Yet another aspect of the present invention is to mix diamond/CBN grits with a metal powder in a conventional manner. However, instead of pressing the mixture to form a body, the metal powder is glued with a binder and rolled to form a sheet or layer. In this case, although diamondlCBN grits distribution does not form a predetermined pattern, the grit distribution is much more uniform than mixing metal powder with diamond grits to form thick body by a conventional mixing process. The layers thus formed can then be stacked up to form the final body. In this case, powders are already locked in layers so they cannot segregate.
The above and other objects, features and advantages of the invention will become apparent from a consideration of the following detailed description presented in connection with the accompanying drawings in which:
FIG. 1A shows a segment from a superabrasive tool formed by a plurality of linear, longitudinal layers disposed adjacent one another to form a three-dimensional superabrasive member;
FIG. 1B shows a cross-sectional view of one likely configuration of the tool segment shown in FIG. 1A, wherein a layer formed by a metal matrix and a relatively large superabrasive grit is sandwiched between two layers of metal matrix which have smaller grit and higher concentrations of the superabrasive;
FIG. 2A shows a segment from a superabrasive tool formed by a plurality of arcuate, longitudinal layers which are attached to one another to form a three-dimensional superabrasive member;
FIG. 2B shows a cross-sectional view of a plurality of layers of metal matrix as may be used with the segment shown in FIG. 2A;
FIG. 3 shows another possible layout of a segment of a cutting tool with transverse layers configured with a more dense or higher concentration of superabrasive grits disposed at a forward, cutting end of the three-dimensional superabrasive member;
FIG. 4 shows yet another layout of a segment wherein a three-dimensional superabrasive member is formed with progressively denser abrasive distribution toward the upper surface of a tool with horizontal layers;
FIGS. 5A through 5D show one possible method for forming layers with controlled superabrasive distribution within the layer;
FIGS. 6A through 6C shows an alternate method for forming one or more layers with controlled superabrasive distribution.

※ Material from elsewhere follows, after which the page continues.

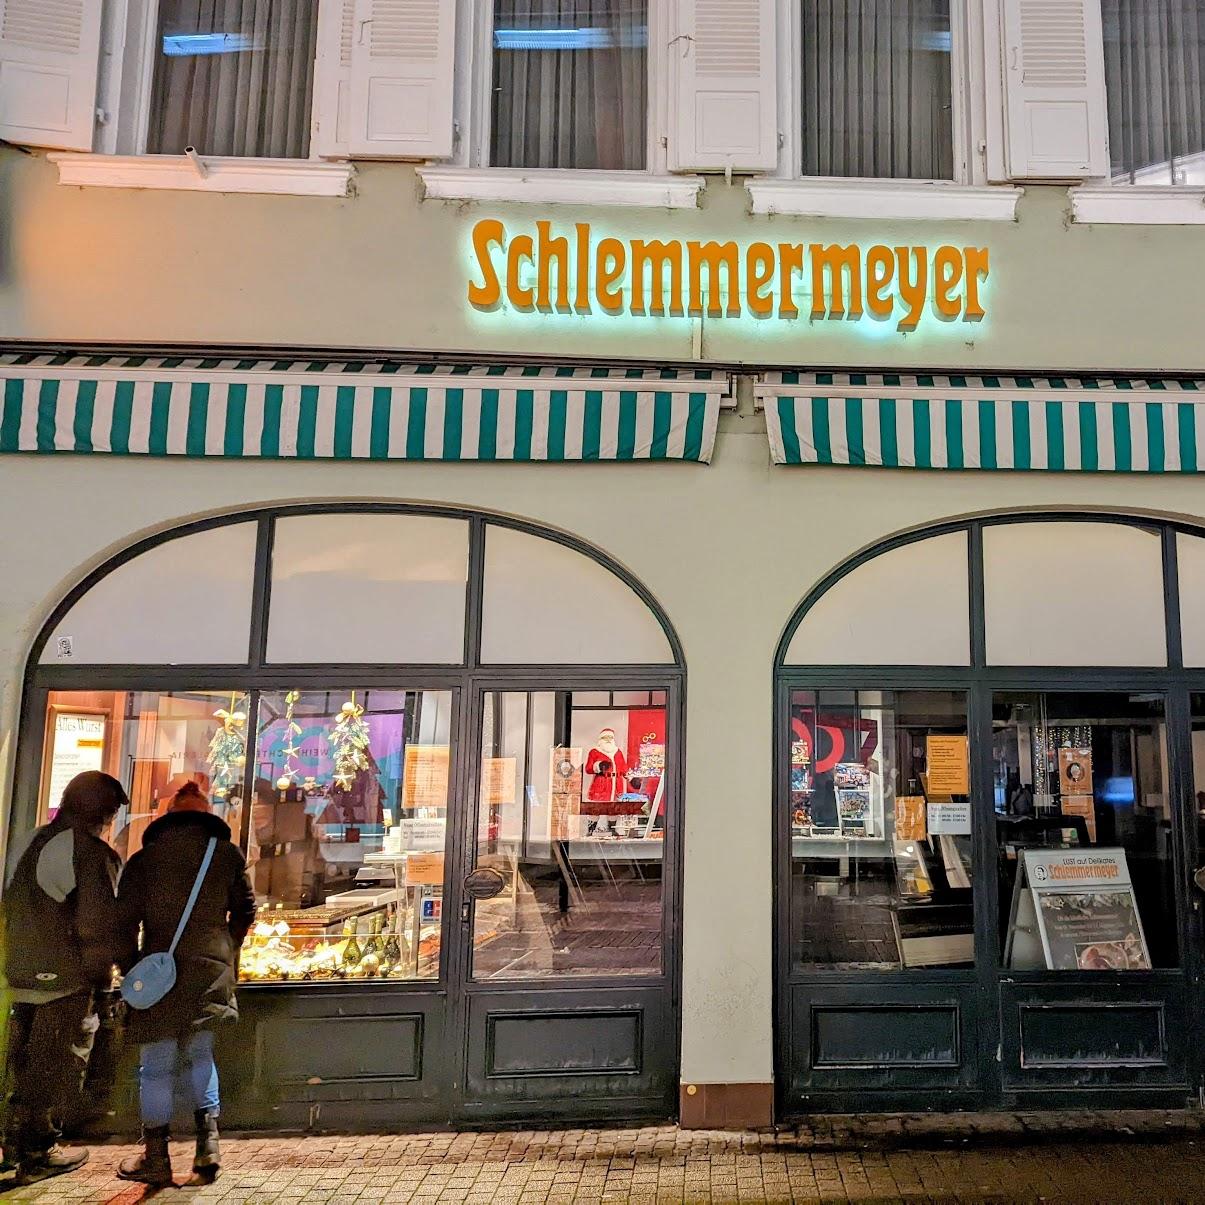 Restaurant "Schlemmermeyer" in Heidelberg

Before the present invention comprising metal bond diamond tools that contain uniform distribution of diamond grits and the method for the manufacture thereof is disclosed and described, it is to be understood that this invention is not limited to the particular process steps and materials. In disclosing and claiming the present invention, the following terminology will be used in accordance with the definitions set out below.
As used herein, the terms set herein as such process steps and materials may vary somewhat. It is also to be understood that the terminology employed herein is used for the purpose of describing particular embodiments only and is not intended to be limiting since the scope of the present invention will be limited only by the appended claims and equivalents thereof.
It must be noted that, as used in this specification and the appended claims, the singular forms “a,” “an,” and “the” include plural referents unless the context clearly dictates otherwise. Thus, for example, reference to a metal bond diamond containing “a diamond grit” includes a mixture of two or more diamond grits, reference to “a superabrasive” includes reference to one or more of such superabrasives, and reference to “a metal” includes reference to a mixture of two or more of such metals.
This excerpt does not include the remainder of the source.